They had to separate to negotiate the twisting stairs to the upper floor and their bedchamber. ‘I’d wager all the silver in Thornford’s strongbox on it,’ Adam said grimly. ‘He’s taken your grandsire for ransom.’ On reaching their chamber, he lifted his hauberk from its pole.
‘If you hadn’t taken the boy prisoner in the first place—’ she began, then clamped her mouth on the rest of the sentence.
Adam eyed her sharply and said nothing, but his anger showed in the bunching and release of a muscle in his jaw.
‘Adam, I’m sorry.’ She touched his shoulder. ‘Oh, curse me for being a shrew. I know it’s not your fault. It’s just that. ’
‘You know I’ll stand there and take it,’ he finished for her. ‘Just be careful how far you go. Do you think I do not care? Do you think the thought has not crossed my own mind?’
Her chin wobbled. She struggled with tears and, losing, began to weep. He swore and drew her down on to his lap and kissed her. ‘Heulwen, don’t.’

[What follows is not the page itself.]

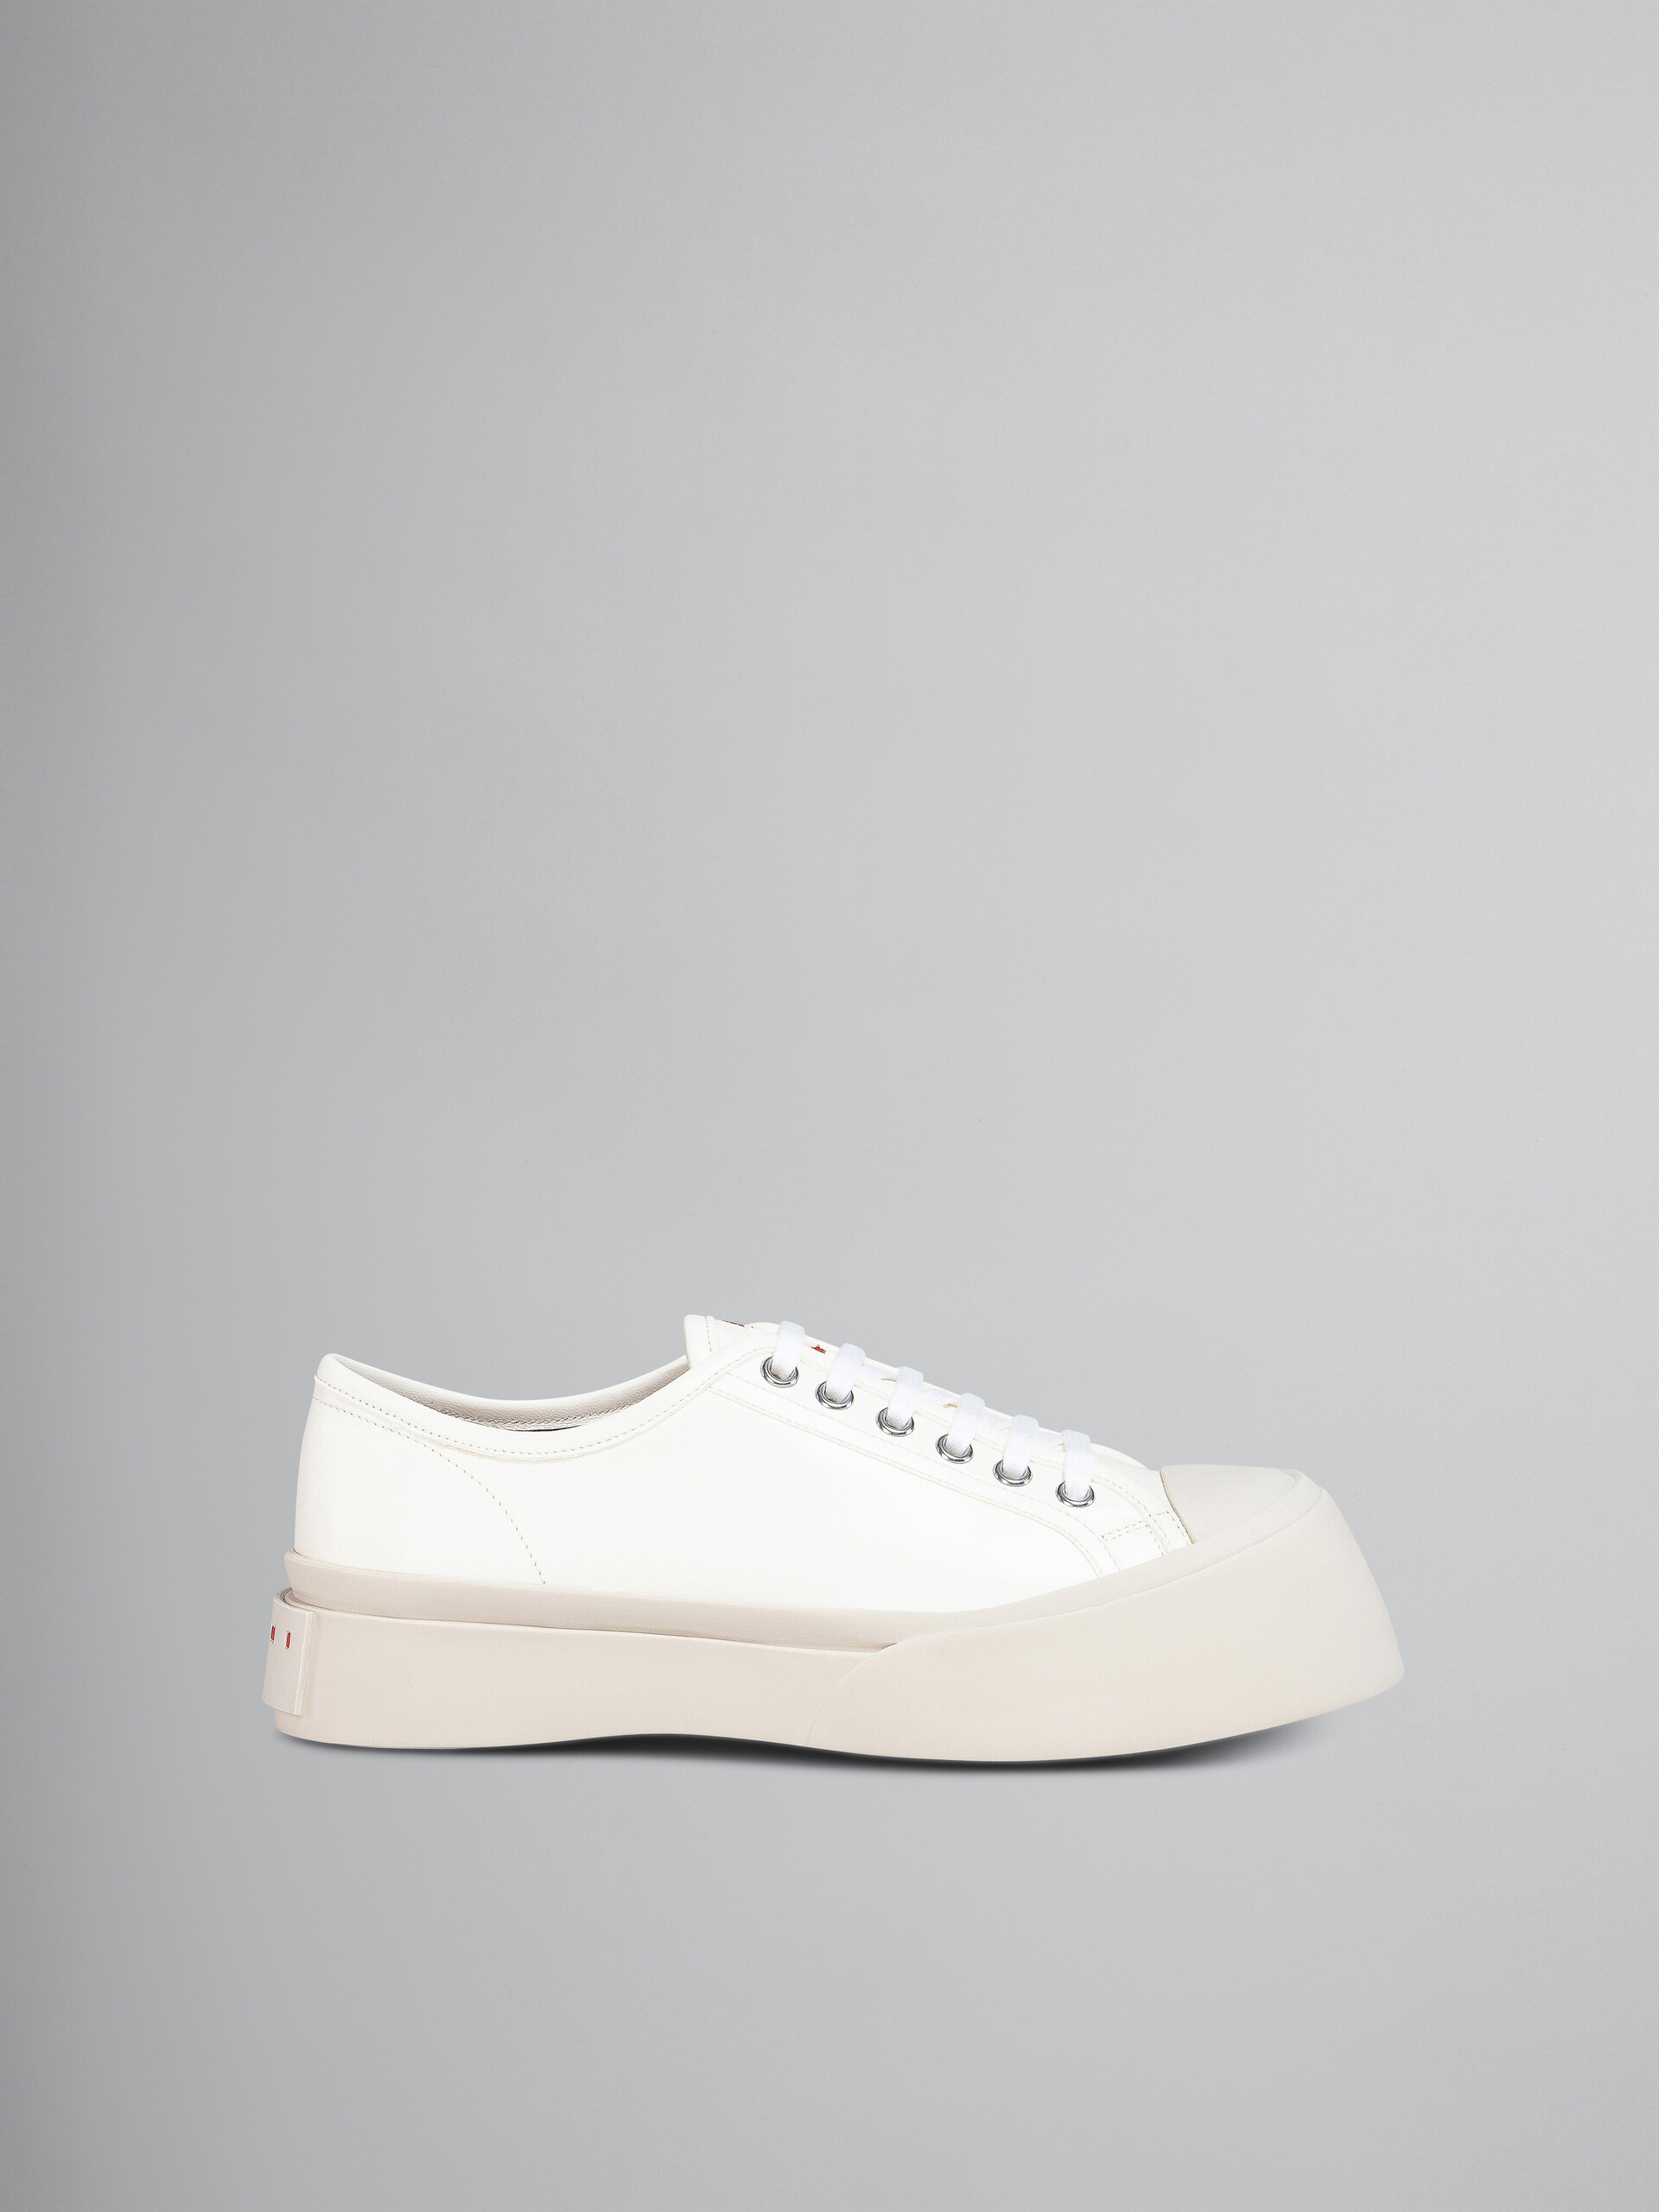 White nappa leather Pablo lace-up sneaker - Sneakers - Image 1

‘He’s not well!’ she sobbed. ‘He’s old and sick. I’ve seen how he struggles to mount the stairs and climb on a horse. It will kill him!’
Adam did not seek to deny her fears. What she said was true. He had noticed the change in Miles himself, as if everything was going forward to meet the spring, leaving Heulwen’s grandfather in a winter limbo. He pressed his lips to her temple and held her tightly until he felt her shuddering abate, then he drew away to look at her. ‘Come on, love, help me arm up. I’ve got to go to the scene and see for myself what has happened.’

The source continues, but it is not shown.